*Material to process*
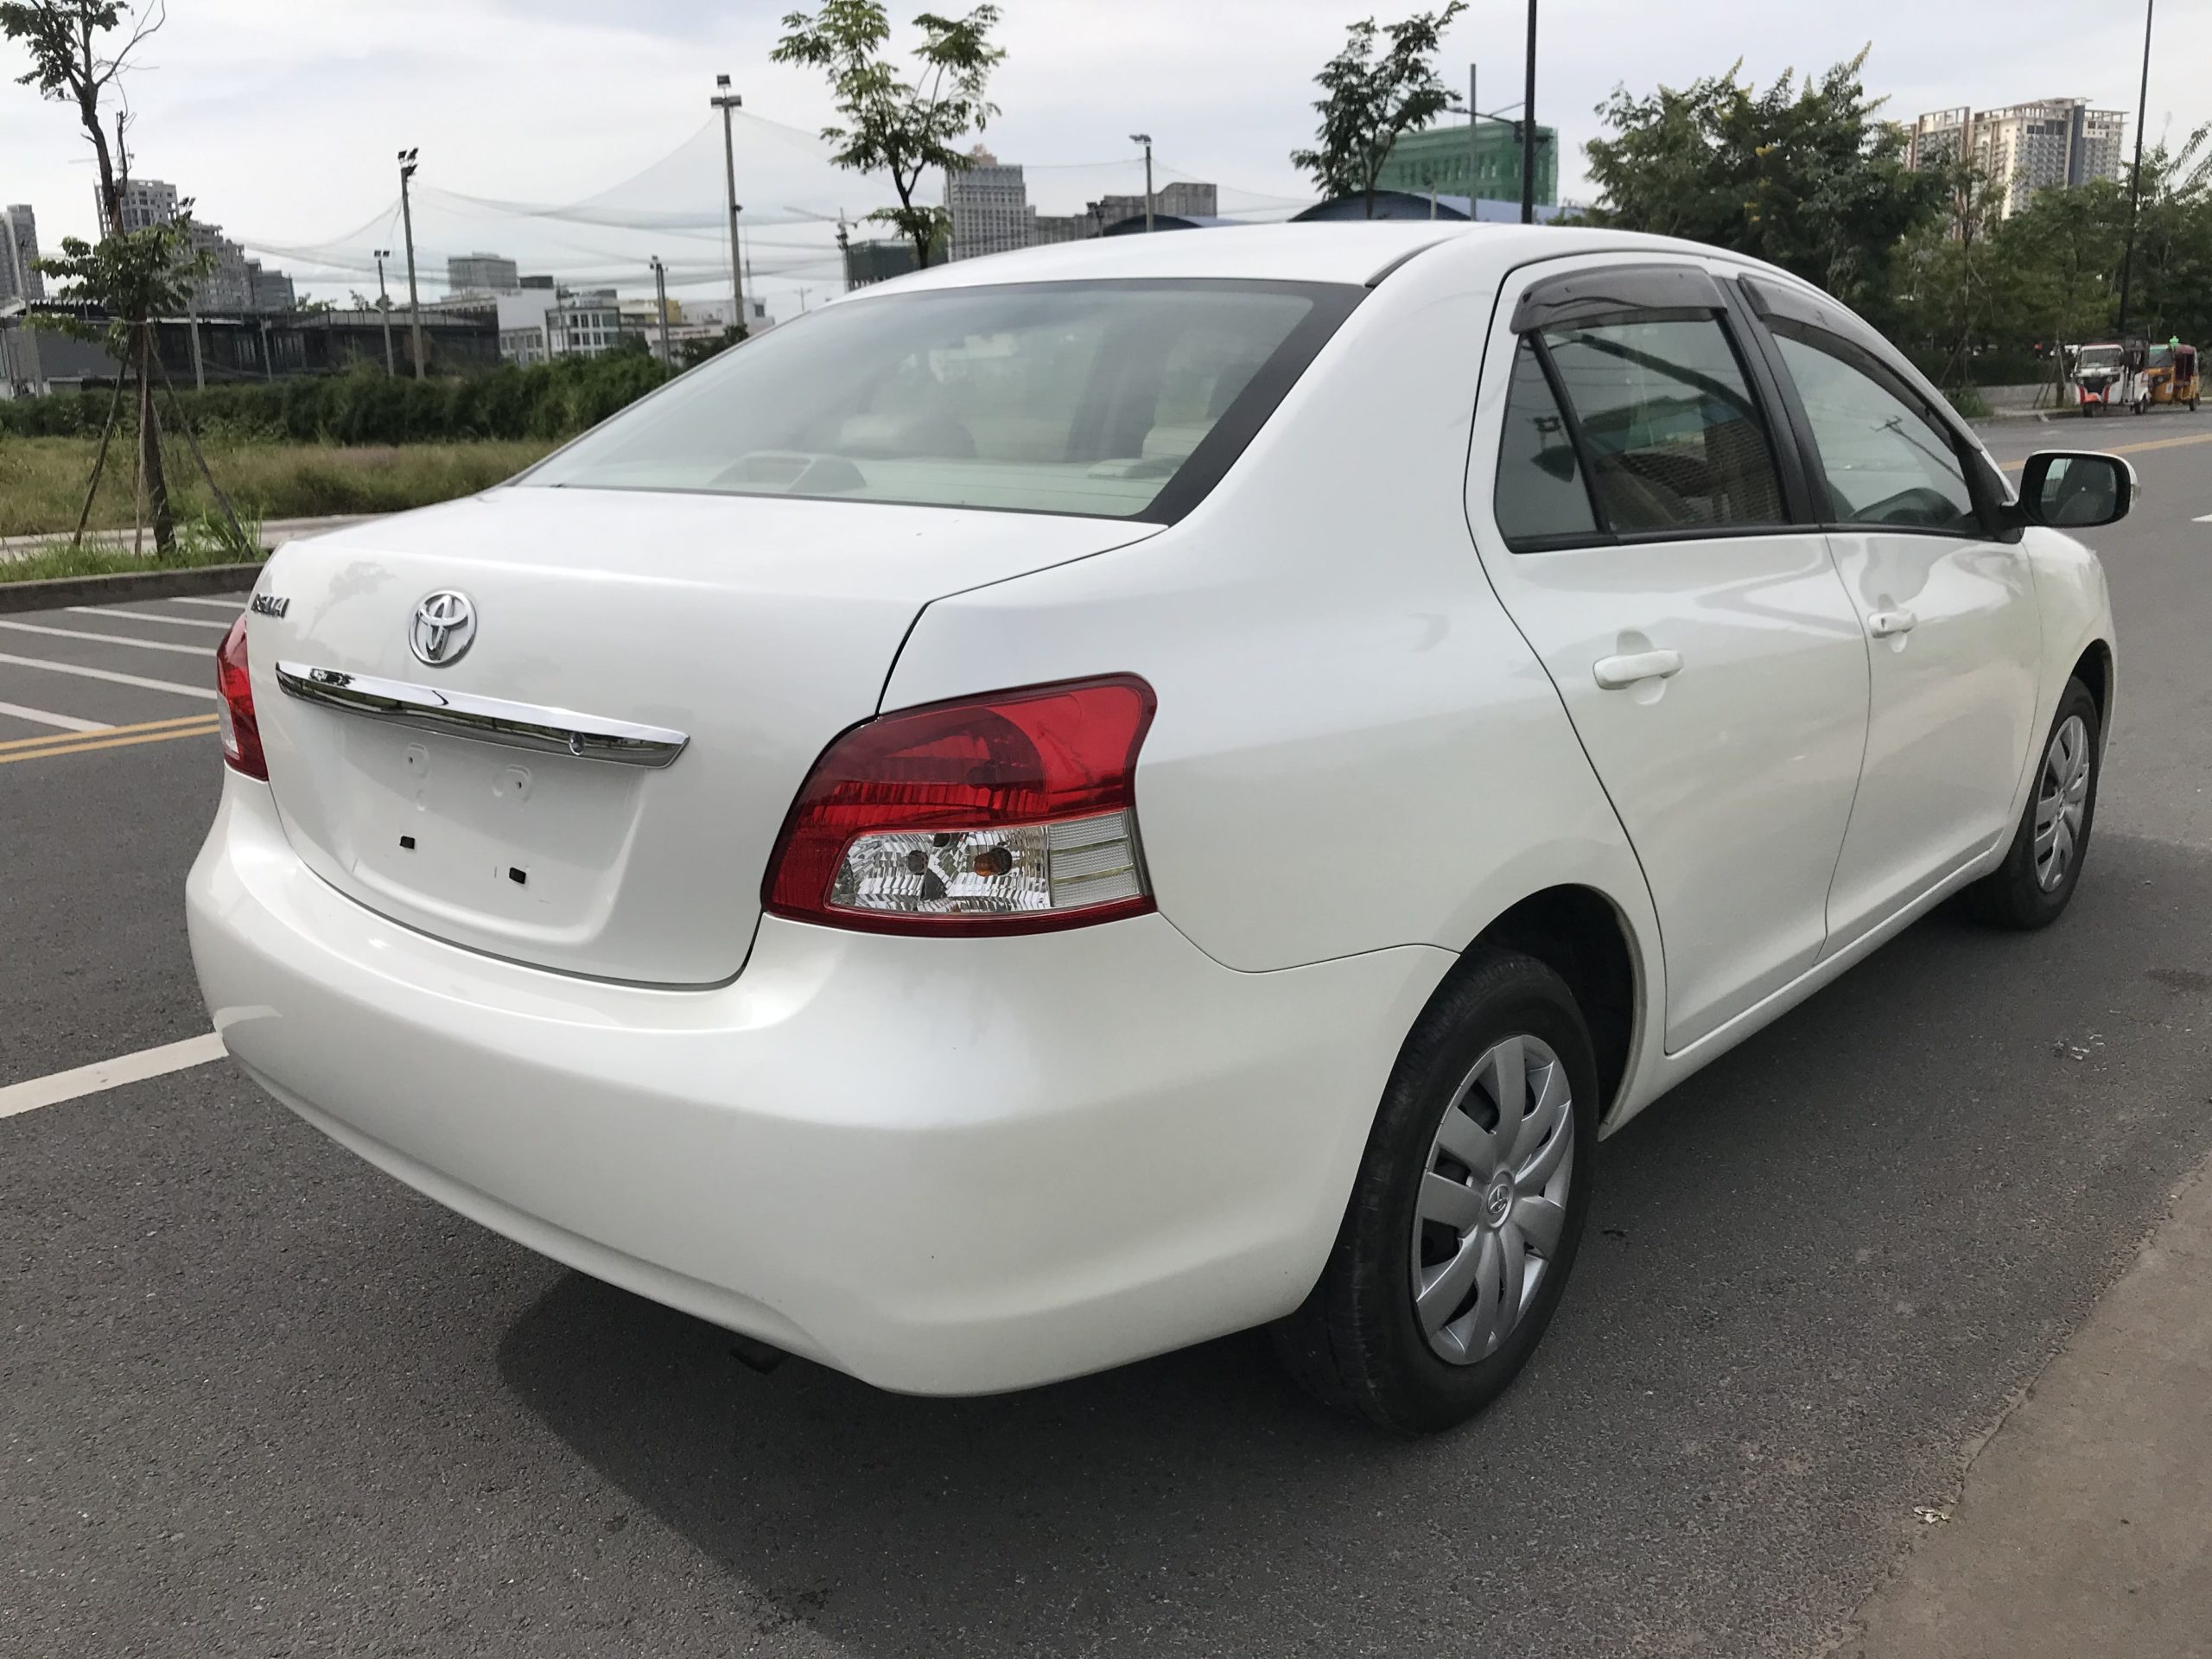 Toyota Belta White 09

...

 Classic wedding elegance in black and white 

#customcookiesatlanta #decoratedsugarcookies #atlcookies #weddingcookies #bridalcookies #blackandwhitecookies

--

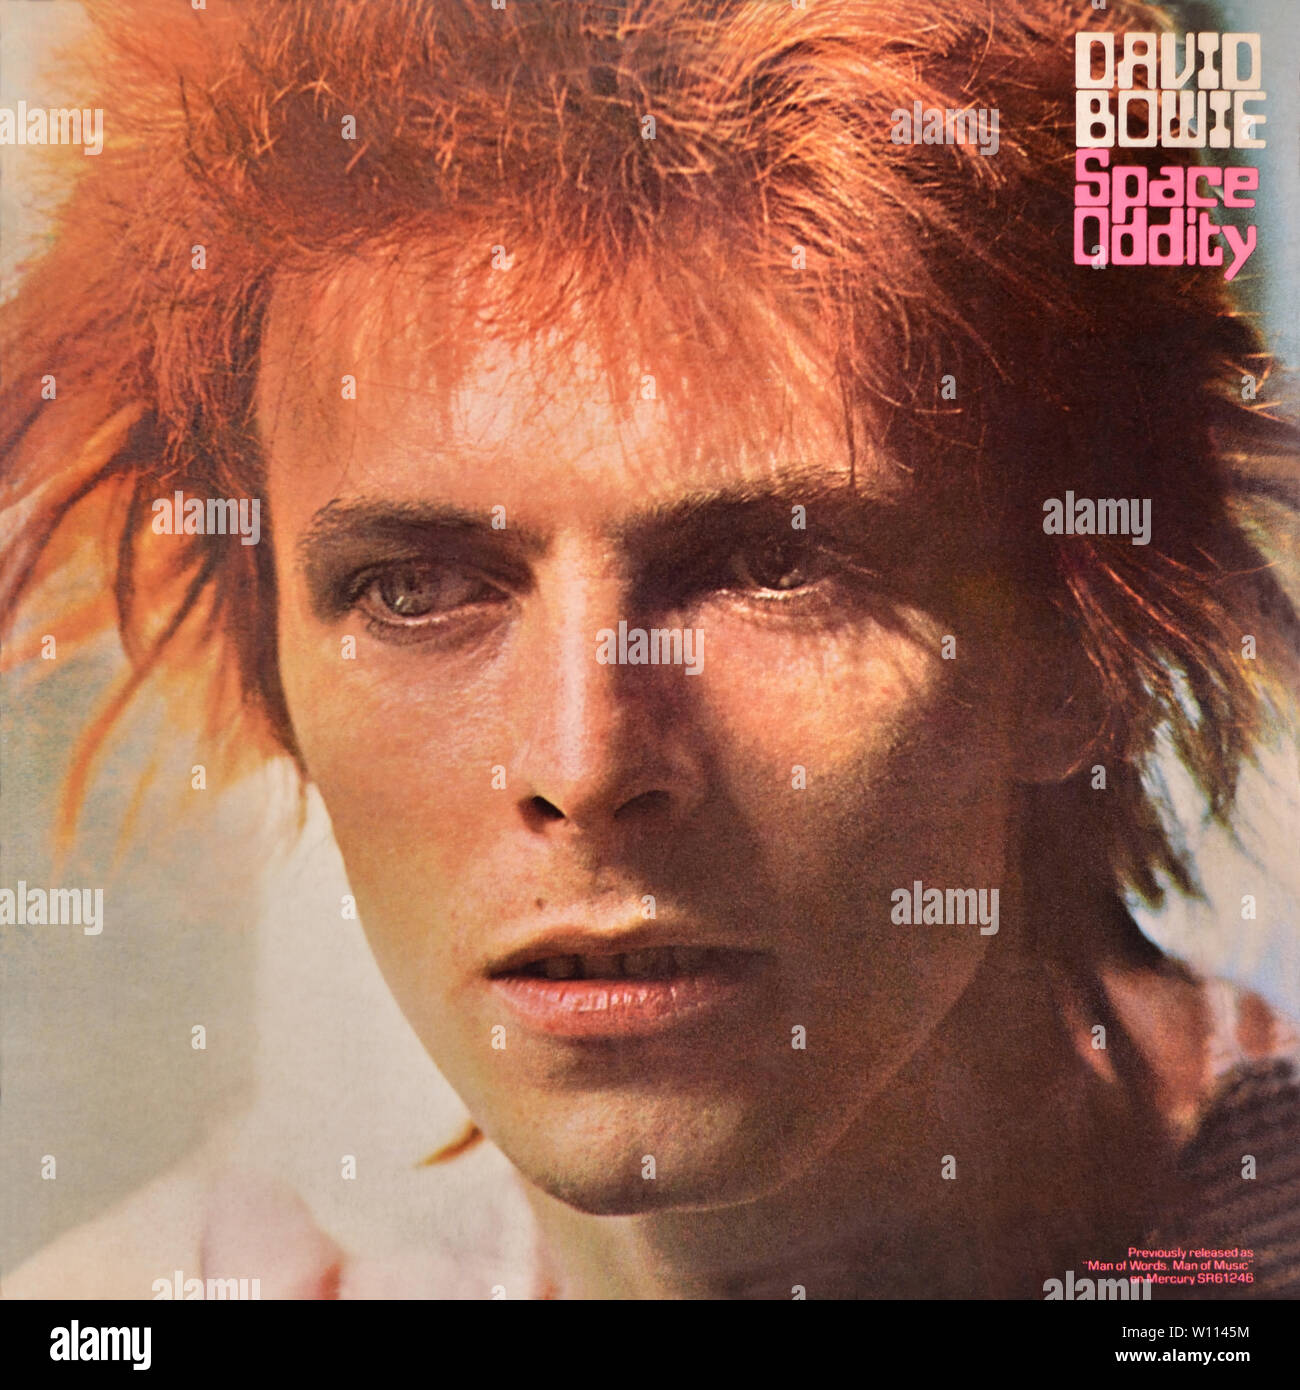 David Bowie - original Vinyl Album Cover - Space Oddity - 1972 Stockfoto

*Assigned task*
Start with the line above that contains "Classic wedding elegance in black and white" and stop after the line that contains "#customcookiesatlanta #decoratedsugarcookies #atlcookies". Output those lines exactly, and only those.

*Answer box*
 Classic wedding elegance in black and white 

#customcookiesatlanta #decoratedsugarcookies #atlcookies #weddingcookies #bridalcookies #blackandwhitecookies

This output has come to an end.